General characteristics
- Class & type: Type UB III submarine
- Displacement: 510 t (500 long tons) surfaced; 640 t (630 long tons) submerged;
- Length: 55.52 m (182 ft 2 in) (o/a)
- Beam: 5.76 m (18 ft 11 in)
- Draught: 3.73 m (12 ft 3 in)
- Propulsion: 2 × propeller shaft; 2 × MAN-Vulcan four-stroke 6-cylinder diesel engines, 1,085 bhp (809 kW); 2 × Siemens-Schuckert electric motors, 780 shp (580 kW);
- Speed: 13 knots (24 km/h; 15 mph) surfaced; 7.4 knots (13.7 km/h; 8.5 mph) submerged;
- Range: 7,120 nmi (13,190 km; 8,190 mi) at 6 knots (11 km/h; 6.9 mph) surfaced; 55 nmi (102 km; 63 mi) at 4 knots (7.4 km/h; 4.6 mph) submerged;
- Test depth: 50 m (160 ft)
- Complement: 3 officers, 31 men
- Armament: 5 × 50 cm (19.7 in) torpedo tubes (4 bow, 1 stern); 10 torpedoes; 1 × 10.5 cm (4.13 in) deck gun;

Service record
- Commanders: Lt.z.S.d.R. Oskar Brinkmann; 26 July – 14 August 1918; Oblt.z.S. Georg Stollenz; 15 August – 11 November 1918;
- Operations: No patrols
- Victories: None

= SM UB-97 =

SM UB-97 was a German Type UB III submarine or U-boat in the German Imperial Navy (Kaiserliche Marine) during World War I. She was commissioned into the German Imperial Navy on 25 July 1918 as SM UB-97.

UB-97 was surrendered to the Allies at Harwich on 21 November 1918 in accordance with the requirements of the Armistice with Germany.

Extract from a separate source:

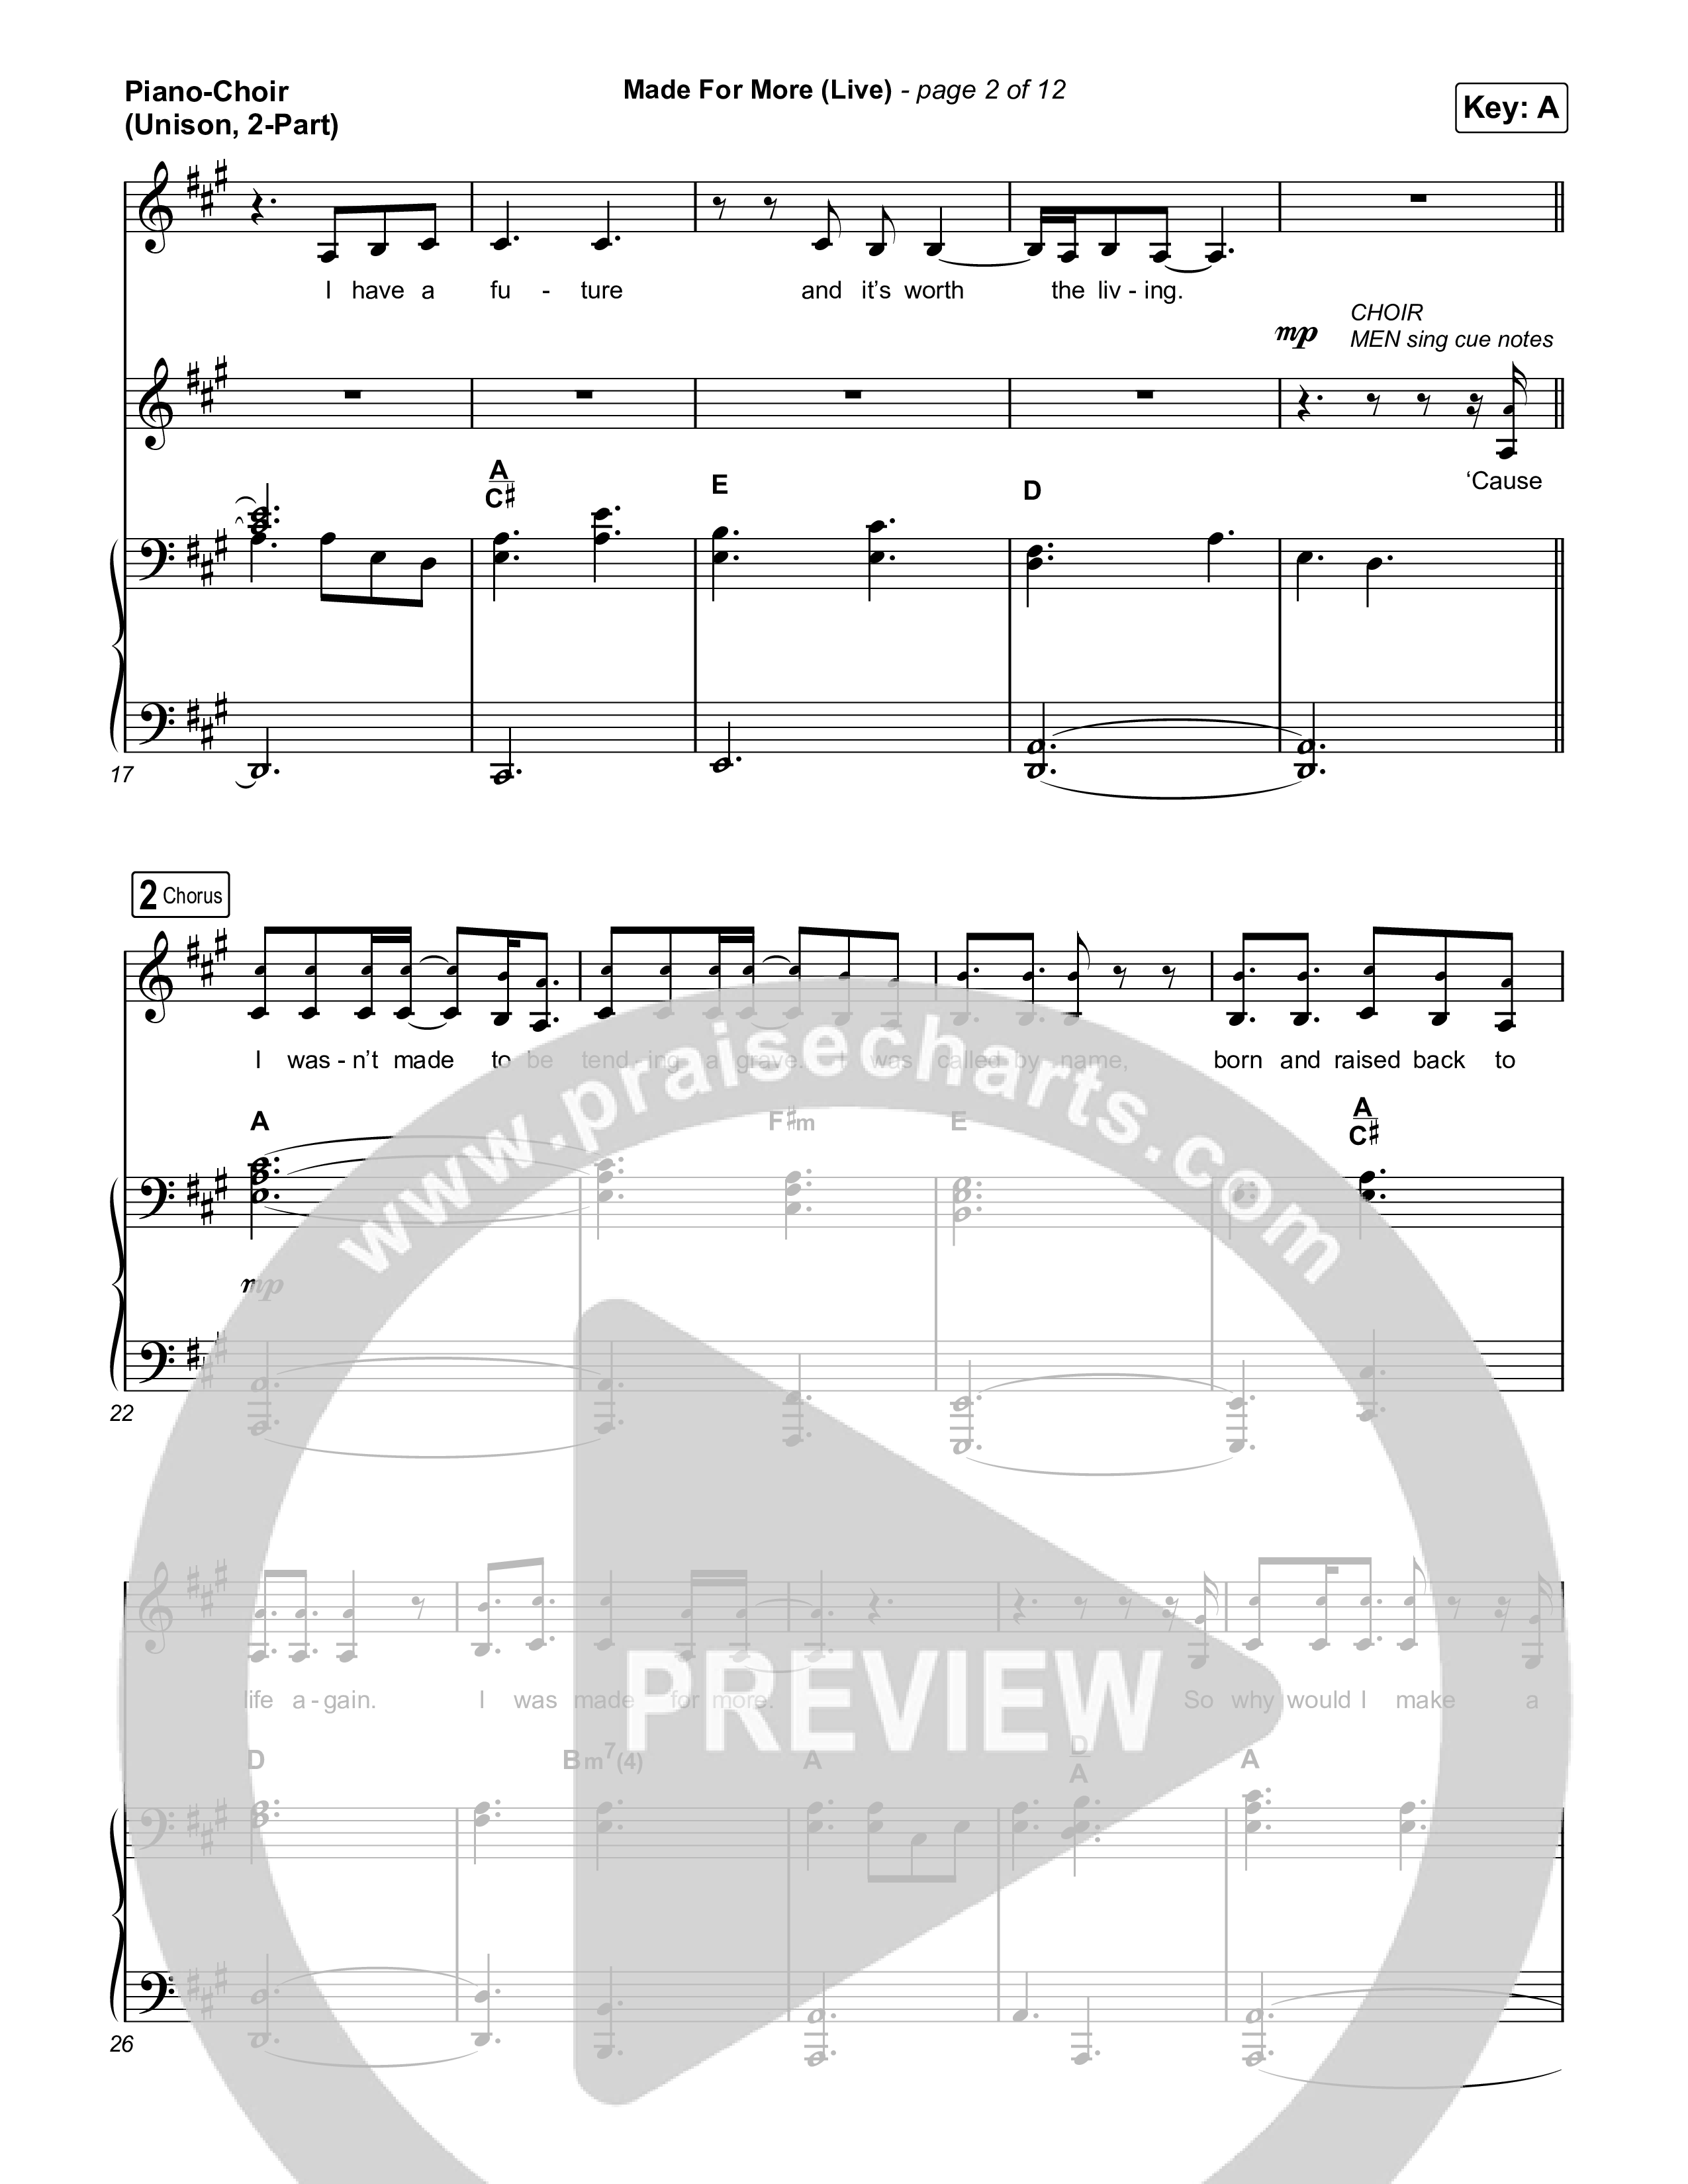 Made For More (Unison/2-Part) Piano/Choir  (Uni/2-Part) (Josh Baldwin / Jenn Johnson / Arr. Luke Gambill)

After passing into British hands, UB-97 was towed to Falmouth along with five other U-boats for use in a series of explosive test trials by the Royal Navy in Falmouth Bay, in order to find weaknesses in their design. Following her use on 7 March 1921, UB-97 was dumped on Castle Beach and sold to R. Roskelly & Rodgers on 19 April 1921 for scrap (for £50), and partially salvaged over the following decades, although parts remain in situ.

==Construction==

he was built by AG Vulcan of Hamburg and following just under a year of construction, launched at Hamburg on 13 June 1918. UB-97 was commissioned later the same year under the command of Oblt.z.S. Oskar Brinkmann. Like all Type UB III submarines, UB-97 carried 10 torpedoes and was armed with a 10.5 cm deck gun. UB-97 would carry a crew of up to 3 officer and 31 men and had a cruising range of 7,120 nmi. UB-97 had a displacement of 510 t while surfaced and 640 t when submerged. Her engines enabled her to travel at 13 kn when surfaced and 7.4 kn when submerged.